握っていた手を開く。そこには、あれだけ強く輝いていた光の一粒さえも残っていなかった。胸に現れた模様も、そのときに感じた痛みも、きれいに消えている。すべてが一華の幻覚が何かだったかのように、きれいになくなっている。
あれは、何だったのだろう。
わずかに酔いが残った頭で、一華は考える。どうして突然一華の身にあんなものが現れたのか。そもそも、あれは本当に魔法だったのか。本当に魔法だった場合、それはいったいどういうことなのだろうか。近くに魔法使いが潜んでいて、一華に何かを仕掛けたのだろうか。
鳴りを潜めた気持ち悪い熱。気にしすぎているだけかもしれないけれど、その何かの存在が、まだ身体の中にあるような感じがした。
何も分からない。信じられないことしかなかった。
誰かに相談したい。
でも、こんな不確実なことを今話してしまったら。
一華は壁に手をついてゆっくりと立ち上がった。

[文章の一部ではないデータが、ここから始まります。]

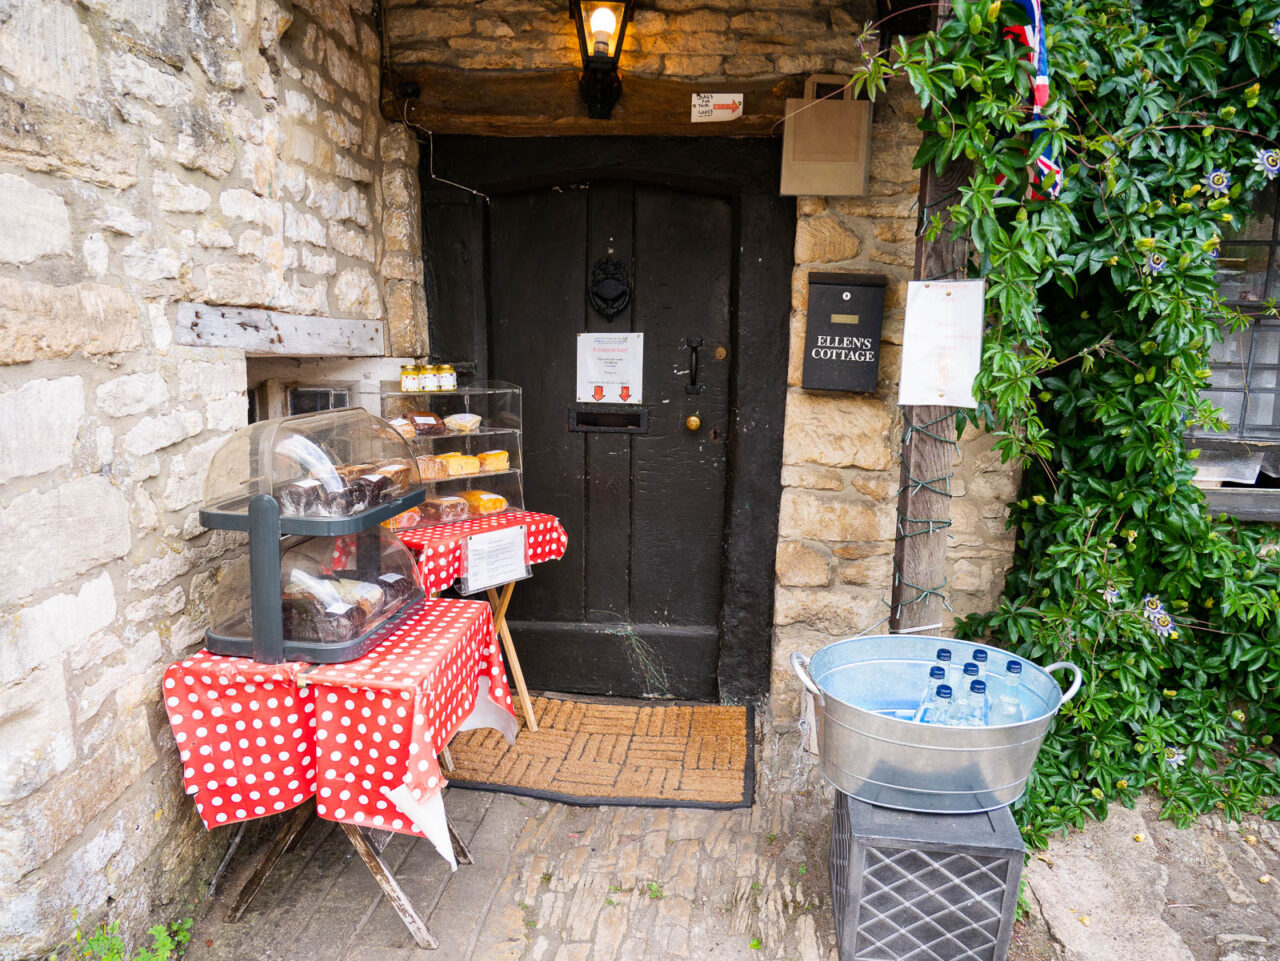 Snacks and water outside Ellen's Cottage, Castle Combe
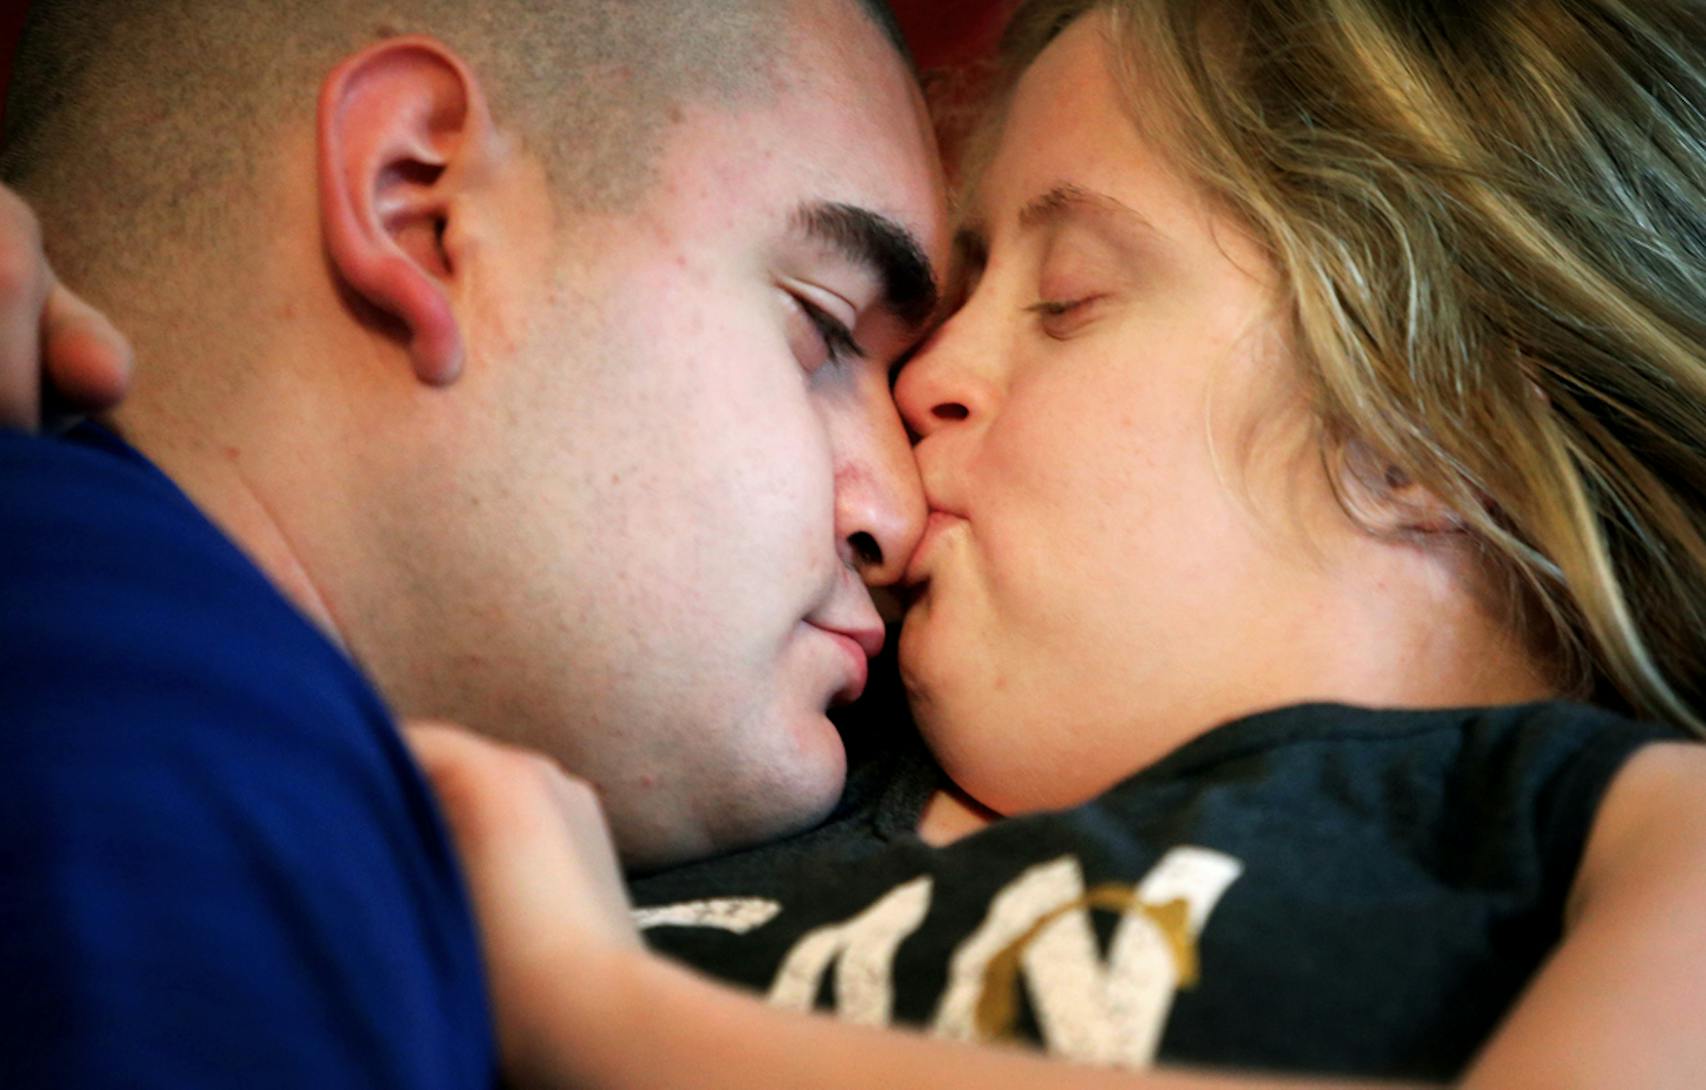 Rachel Larson, 21, and Nicholas Hamilton, 24, who have developmental disabilities, have been dating about a year, and both have the support of their families. Romance sometimes seems impossible to Minnesotans with disabilities.

汚れることなんて考えず床に座り込んでしまったから、服が汚れていないか確認する。
個室から出て、鏡の前まで移動する。自分を見つめる自分の顔。顔色も、表情も、いつも通りだ。
「よし」
深呼吸を数回繰り返して、気を引き締める。
あの不可思議な感覚が戻ってくる気配はない。考えたいことは多いけれど、まずは戻らないと。今は桜草樹の一員として、亡くなった代表を送り出さないと。
大丈夫、と心の中で唱えて、一華は扉を開けた。